Our study addressed the following questions. Does this program encourage first-year students who are already interested in research to (a) persist in research and (b) pursue STEM majors? We also explored students’ science interest before and after completing the program.

The Study

Institutional Context

Our private institution is predominately white and highly selective, and it has very high research activity. The Office of Undergraduate Research funds students interested in summer research; however, priority is given to juniors, so few first-year students were funded prior to this program.

NU Bioscientist Description

The program began in 2011 as a joint initiative between the Department of Molecular Biosciences (faculty), the Searle Center for Advancing Learning and Teaching (staff), and the Office of Research (administration). It was awarded a grant from the Howard Hughes Medical Institute. The goal of the program is to promote STEM retention by engaging first-year students in authentic research experiences.
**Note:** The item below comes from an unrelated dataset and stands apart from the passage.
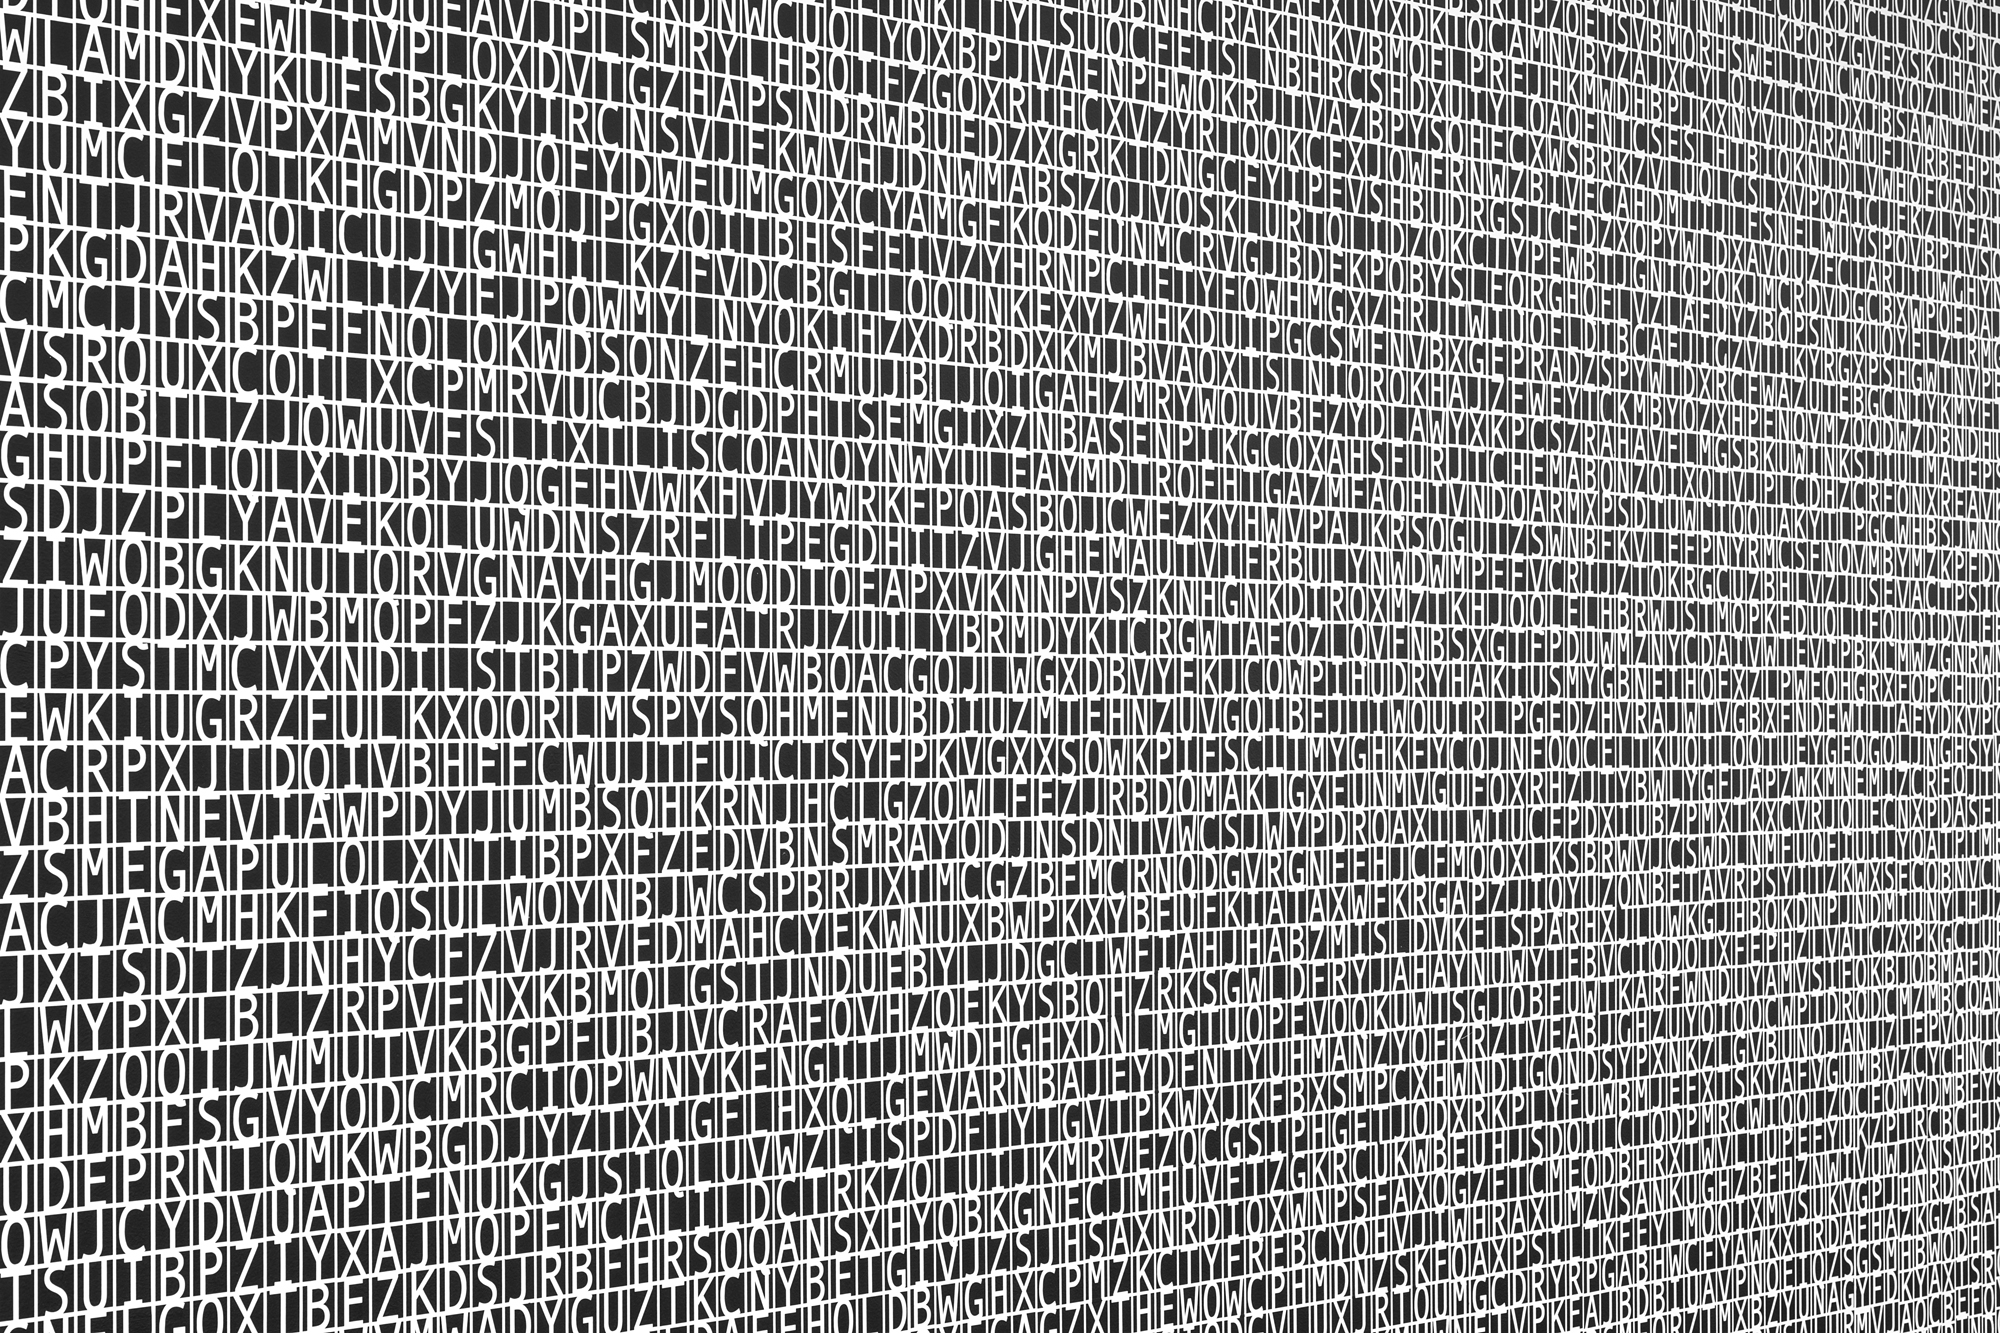 Lenguaje desmantelado (Marfa) / Dismantled Language (Marfa),  2017  Pintura sobre muro / Paint on Wall  335 x 1788 cm

The objectives are (a) to establish a community of practice (Wenger 1998) consisting of undergraduates, graduate students, post-doctoral fellows, and faculty members and (b) to utilize the community of practice to guide students in authentic research experiences. This involves securing a place in a research laboratory, crafting a research question, designing appropriate methods, writing a research proposal, conducting a summer research project, and sharing findings at a symposium—thinking like a scientist by doing the work of a scientist (Lave and Wenger 1991). In the program design we incorporate current best practices from evidenced-based based research including group work, discussion-based learning, peer mentoring, and interdisciplinary approaches. Although the program is housed in our Program in Biological Sciences, it is not limited to biology students as students at our institution typically do not declare majors until their junior year. Moreover, research selections are not limited to traditional biology research as we assist participants in finding laboratories in a variety of STEM and social science fields including engineering, chemistry, materials science, psychology, and economics.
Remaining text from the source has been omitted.